- Born: November 30, 1976 (age 49) Rashidiya, Dubai, United Arab Emirates
- Known for: Co- Founder and chairman of Shuraa Group along with his Co- Founder and CEO Yasmeen Siddiqui and Voltron Group
- Father: Khalifa Mohammed Al-Fuqaei

= Saeed Khalifa Mohammed al‑Fuqaei =

Saeed Khalifa Mohammed Al‑Fuqaei (born November 30, 1976) is an Emirati  entrepreneur and businessman, founder and chairman of Shuraa Group and Voltron Group.

== Early life and education ==
Al‑Fuqaei was born in Rashidiya, Dubai, United Arab Emirates, as one of 16 children. From 1993 to 1998, he attended a military boarding school. He has stated that his father, Khalifa Mohammed Al‑Fuqaei (1921–2014), who worked as a sea captain, influenced his approach to work and personal values.

== Career ==
Al‑Fuqaei began his professional career in the maritime and logistics sector. From 1998 to 2000, he worked at Sheikh Zayed Port, followed by a tenure at Jebel Ali Port from 2000 to 2008. In 2001, while still working at the port, Al‑Fuqaei launched a 150-square-foot typing center in Rashidiya with one public relations officer (PRO), which laid the groundwork for Shuraa Management & Consultancy.

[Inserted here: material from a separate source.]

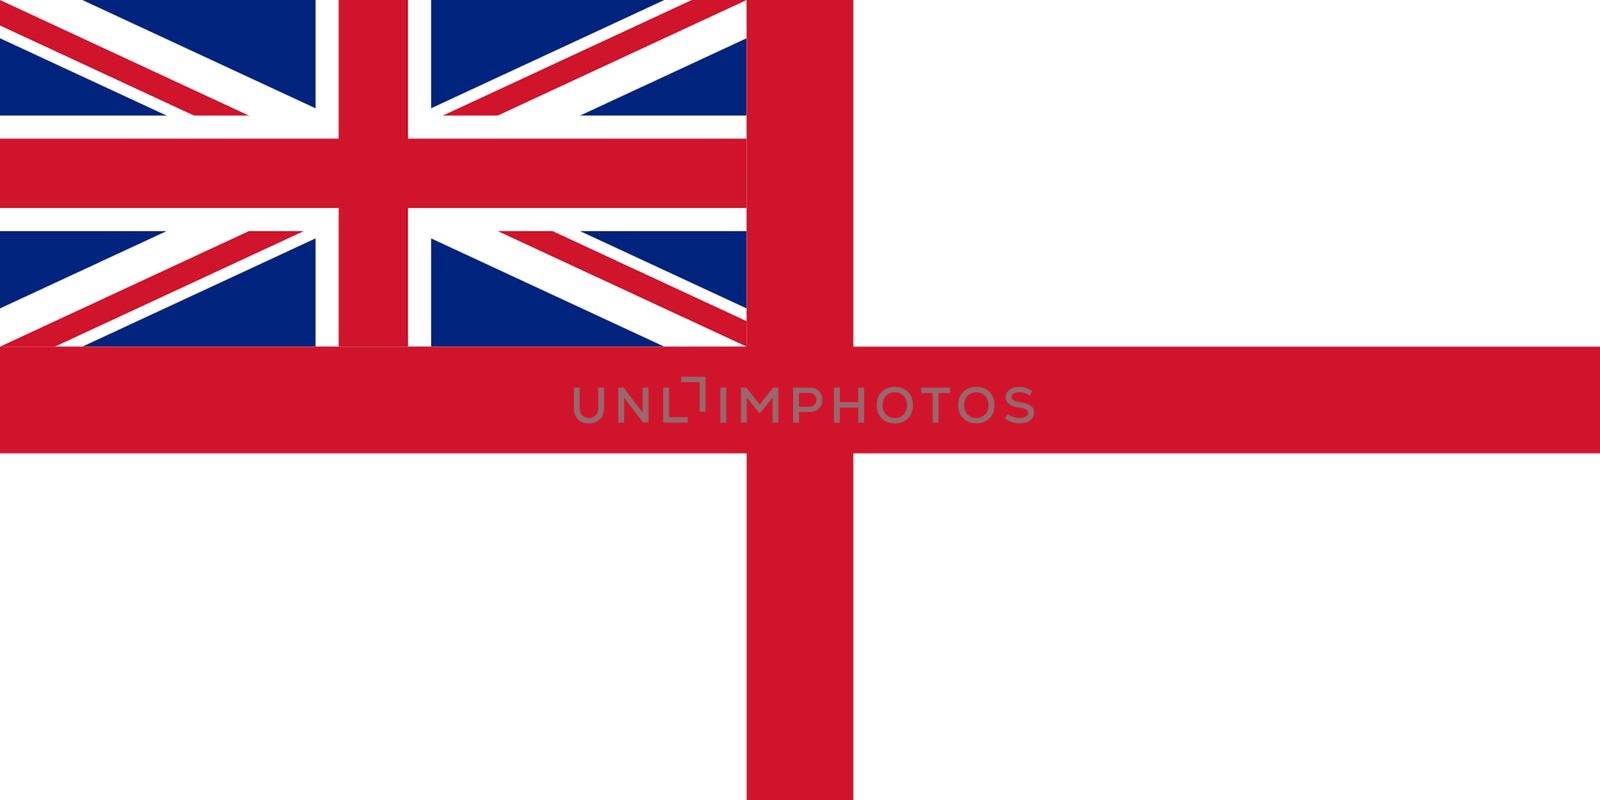 British Royal Navy ensign or flag in official colors.

The company offered business setup services, trade licensing, government documentation, tax, accounting, and other corporate solutions in Dubai. Shuraa has reportedly facilitated between 35,000 and 50,000 business setups, with monthly company formations ranging from 300 to 1,300.

Shuraa Group operates a range of subsidiaries and ventures, including Shuraa Business Setup, Shuraa Tax & Accounting, Shuraa Business Centers, Shuraa Medical Center (AMARA Aesthetic Studio), Shuraa Banking Services, and Shuraa Education, which was launched in 2021.

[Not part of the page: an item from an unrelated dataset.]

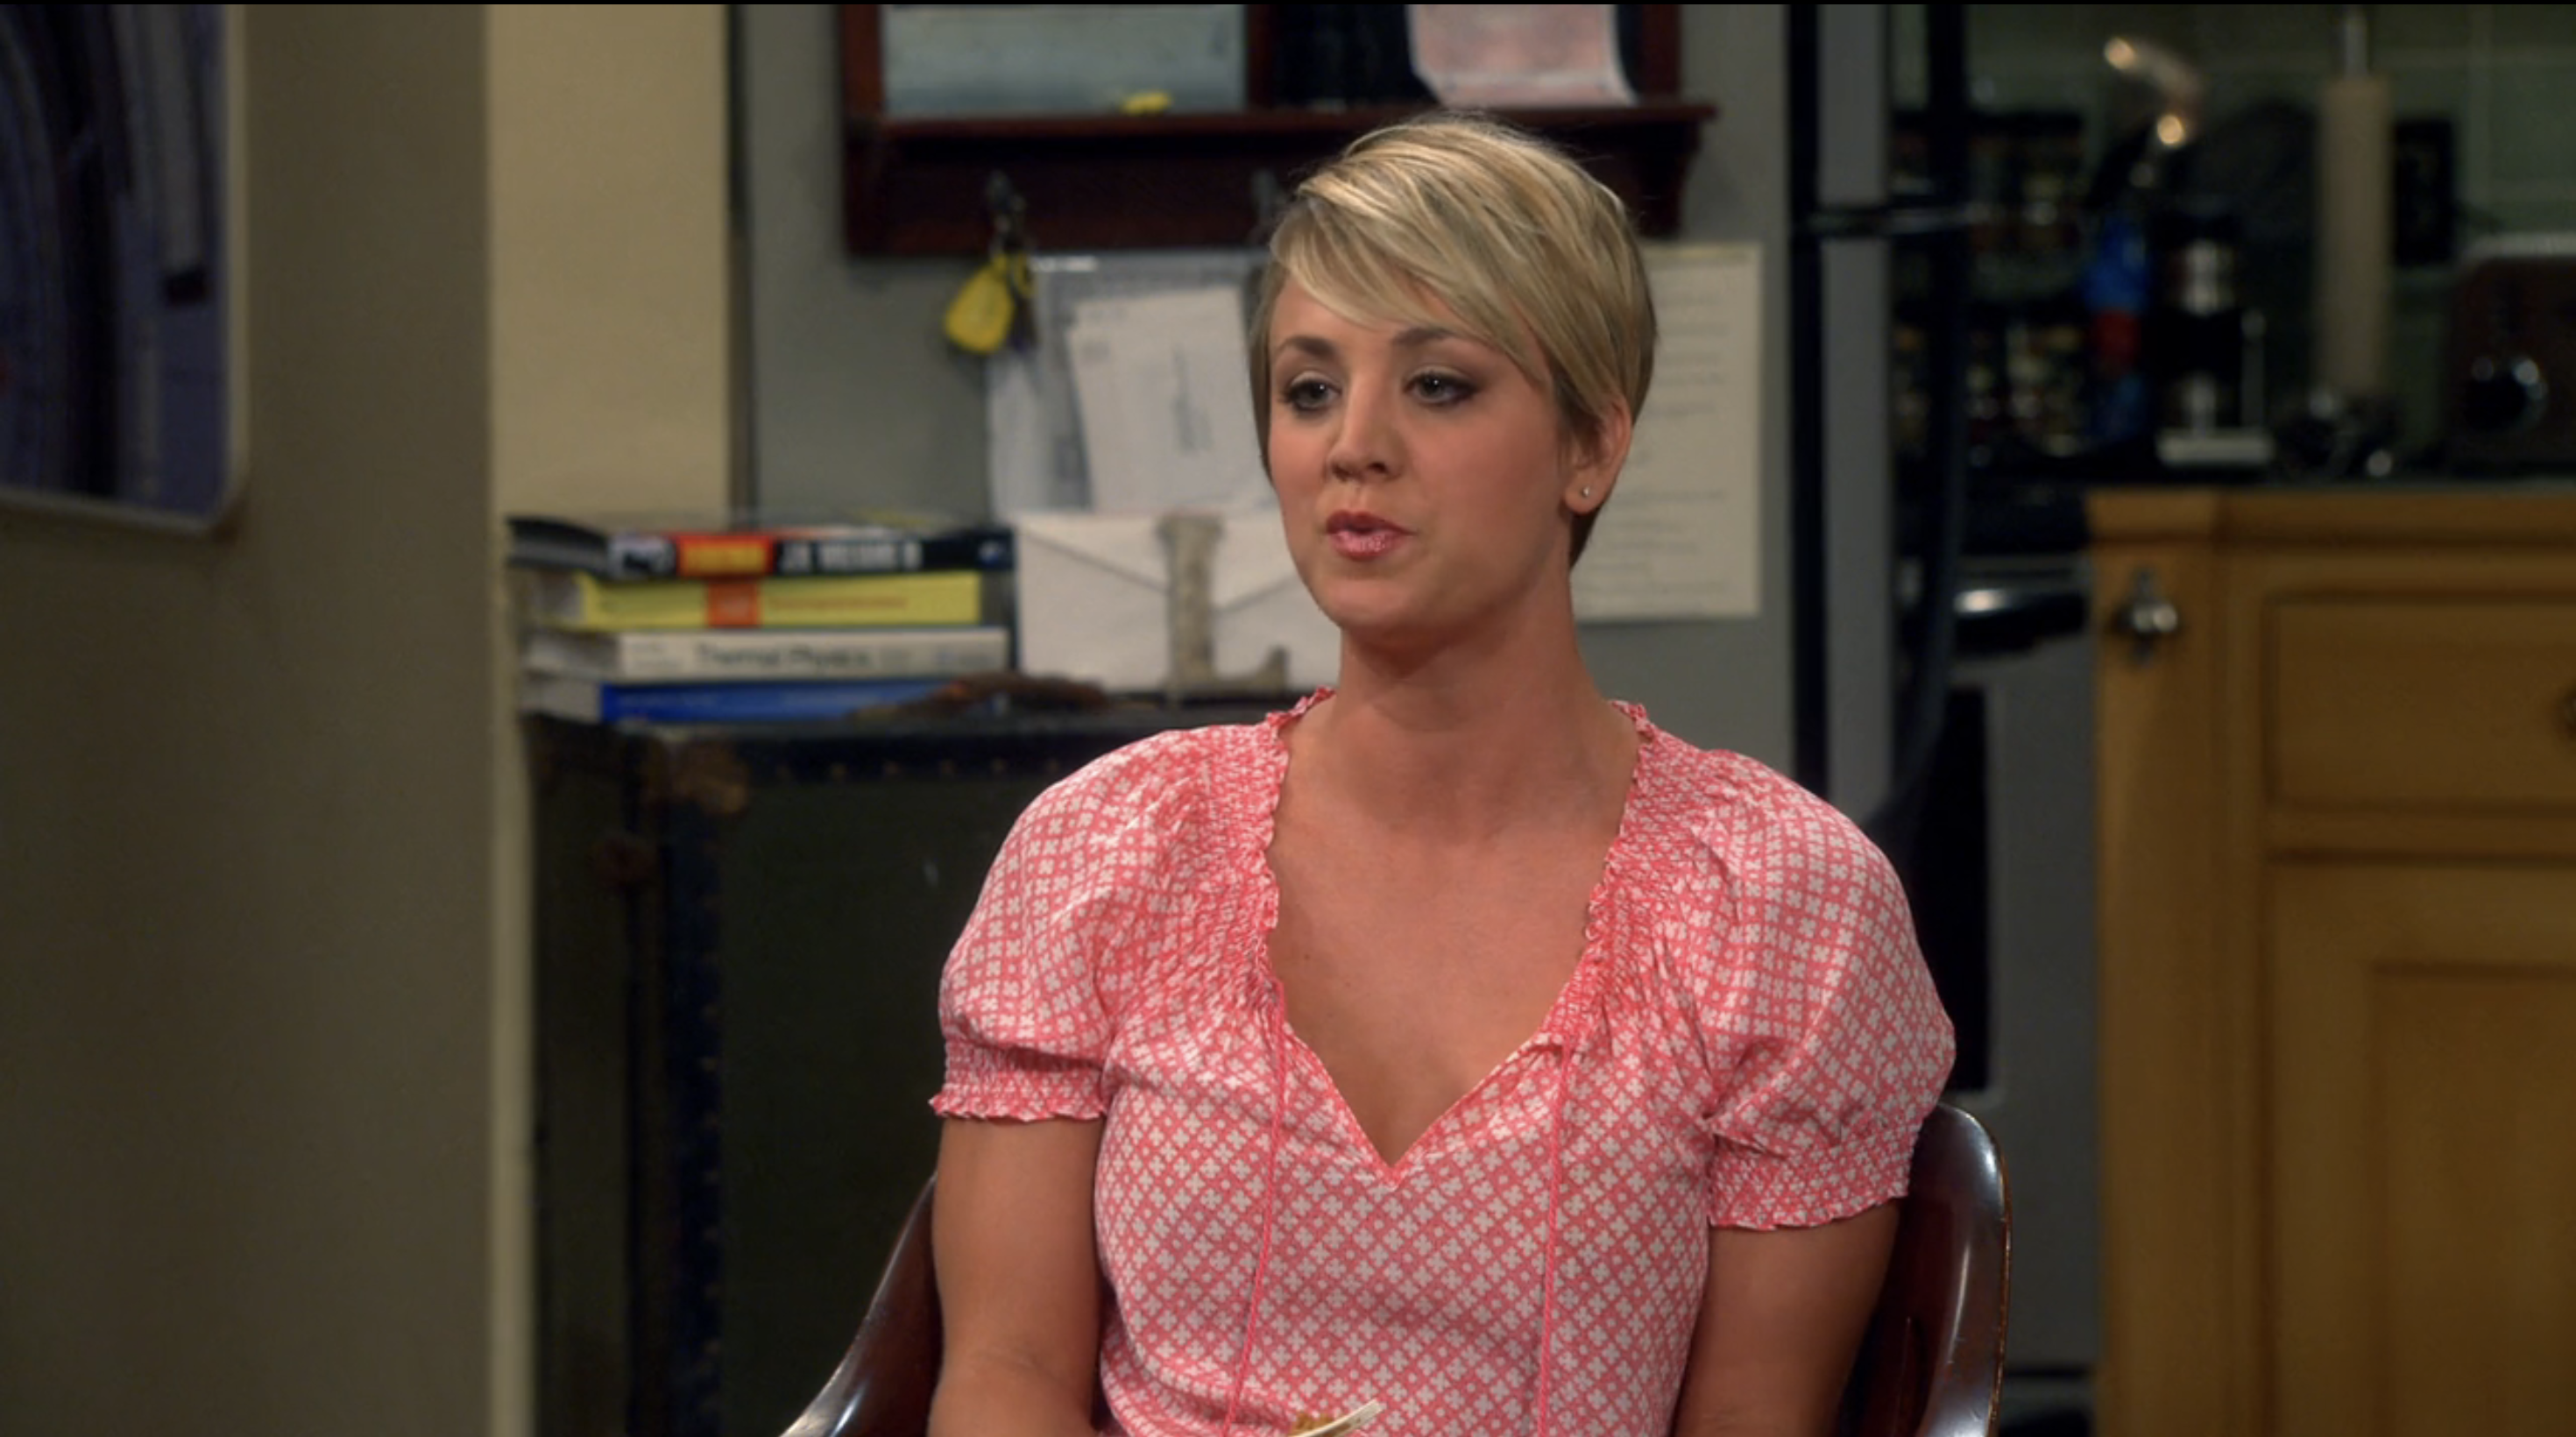 Woman in pink polka dot blouse and short hair sitting in a living room, from a TV show

The group has also developed hospitality projects such as the Pulse Hotel in Jaddaf and the Orchid View Hotel in Bur Dubai, the latter of which was later sold. Additional ventures include the original Legend Business Setup, Carpe Diem Factory, and various service-oriented entities.

In addition to Shuraa, Al‑Fuqaei founded the Voltron Group, a separate entity focused on electromechanical and design services.